Вскоре Максима вызвали в штаб полка, и Лене не довелось больше поговорить с ним. А сейчас, повернув голову, он увидел на озаренном вспышками косогоре Максима, бегущего вперед. Широко раскинув огромные руки, Максим поднимал батальон раньше установленного срока. Поднял и повел роты под огонь своей артиллерии.

"Что он делает? Может, он не сверил часы, они у него спешат?.."

3

Нет, часы у комбата Корюкова были сверены и шли точно. Но он действительно спешил.

Прошло лишь около полутора суток с тех пор, как ему удалось заметить в обороне противника новые неведомые сооружения, похожие на колодцы. Он не сомневался, что в этих колодцах таится какая-то неожиданность. И он решил атаковать эти укрепления раньше, чем закончится артиллерийская подготовка, раньше, чем солдаты противника вернутся из укрытий к огневым точкам: противник не успеет открыть огонь из этих новых неизвестных сооружений. Всего лишь на считанные секунды надо опередить врага. Конечно, тут не обойтись без риска и даже без возможных потерь от огня своей артиллерии. Но легче потерять несколько бойцов, чем сотню.
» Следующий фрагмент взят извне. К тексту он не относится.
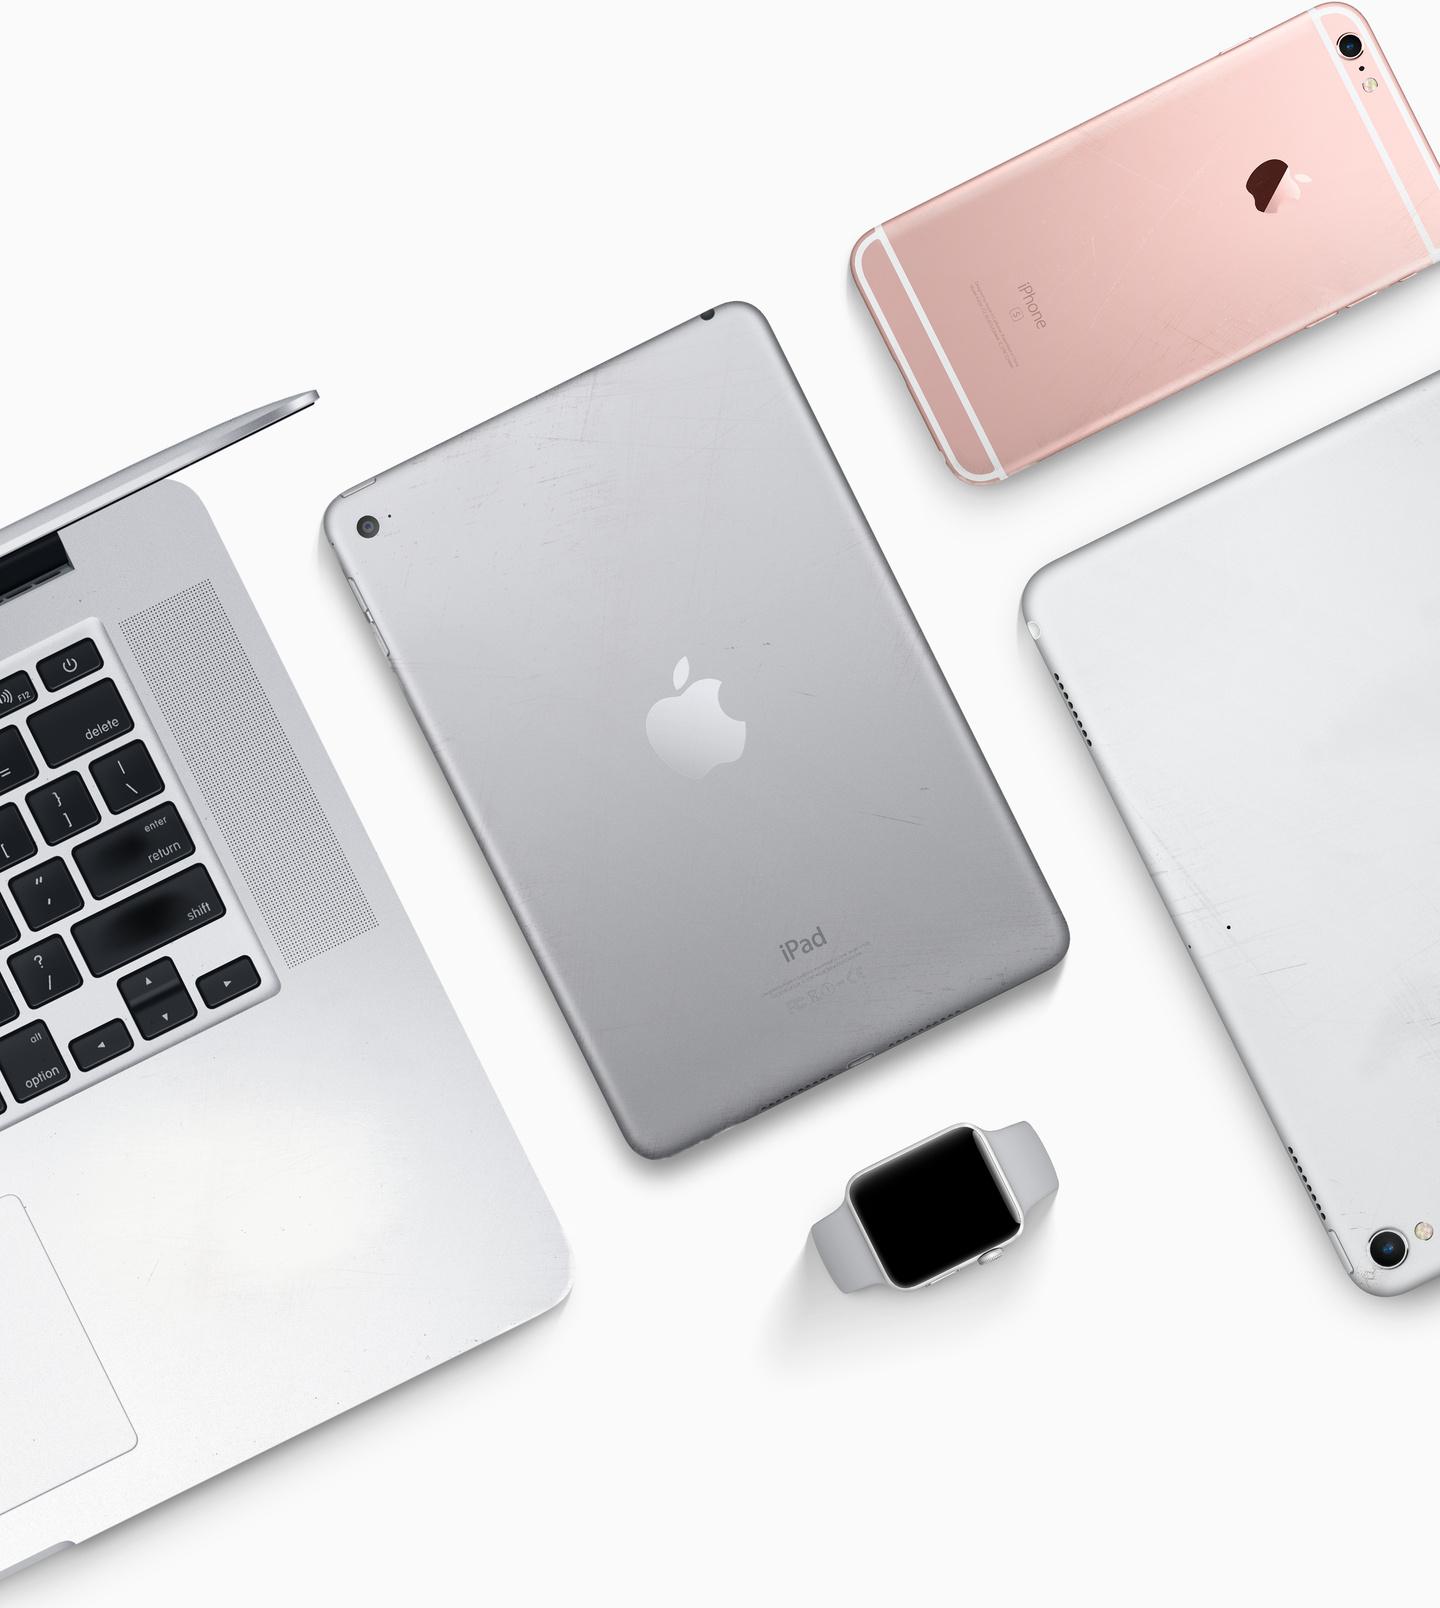 Apple mở chương trình thu smartphone Android cũ lấy iPhone mới, đổi đi chờ chi! - Ảnh 3.

Ночью уговаривал Корюков командиров батарей, расчеты орудий, по-братски обнимал наводчиков, упрашивая, чтобы на участке батальона они на две минуты раньше установленного срока перенесли огонь. Артиллеристы понимали, зачем он просит их об этом, и обратились к своему артиллерийскому начальнику. Последовал категорический отказ.

- Ну что ж, батальон я все же подниму на две минуты раньше срока, - сказал Максим командирам батарей. - Бейте по своим.

И ушел от них.

Просьбу Корюкова действительно было трудно выполнить. И даже невозможно. Дело в том, что по участку, о котором идет речь, был запланирован огонь орудий различных мощностей и калибров. Значит, чтобы изменить режим огня на одном участке, надо было внести поправки в график и план артиллерийского наступления во всех инстанциях, вплоть до командующего фронтом. А оттуда в свою очередь должны были дать команду по полкам, дивизионам и батареям всех систем ствольной и реактивной артиллерии. Времени для такой ломки графика и плана оставалось мало, весь огромный механизм огня был уже приведен в движение. Еще с вечера дивизионы реактивной артиллерии, получив координаты, мчались из глубоких тылов фронта к огневым позициям. Принять поправки они уже не могли. Если бы Максим Корюков передал свою просьбу лично командующему фронтом, то и тот, пожалуй, отказал бы ему. Изменить график огня было так же невозможно, как невозможно вернуть звук колокола после удара…

И вот уже двадцать восемь минут, не умолкая, гремели орудия.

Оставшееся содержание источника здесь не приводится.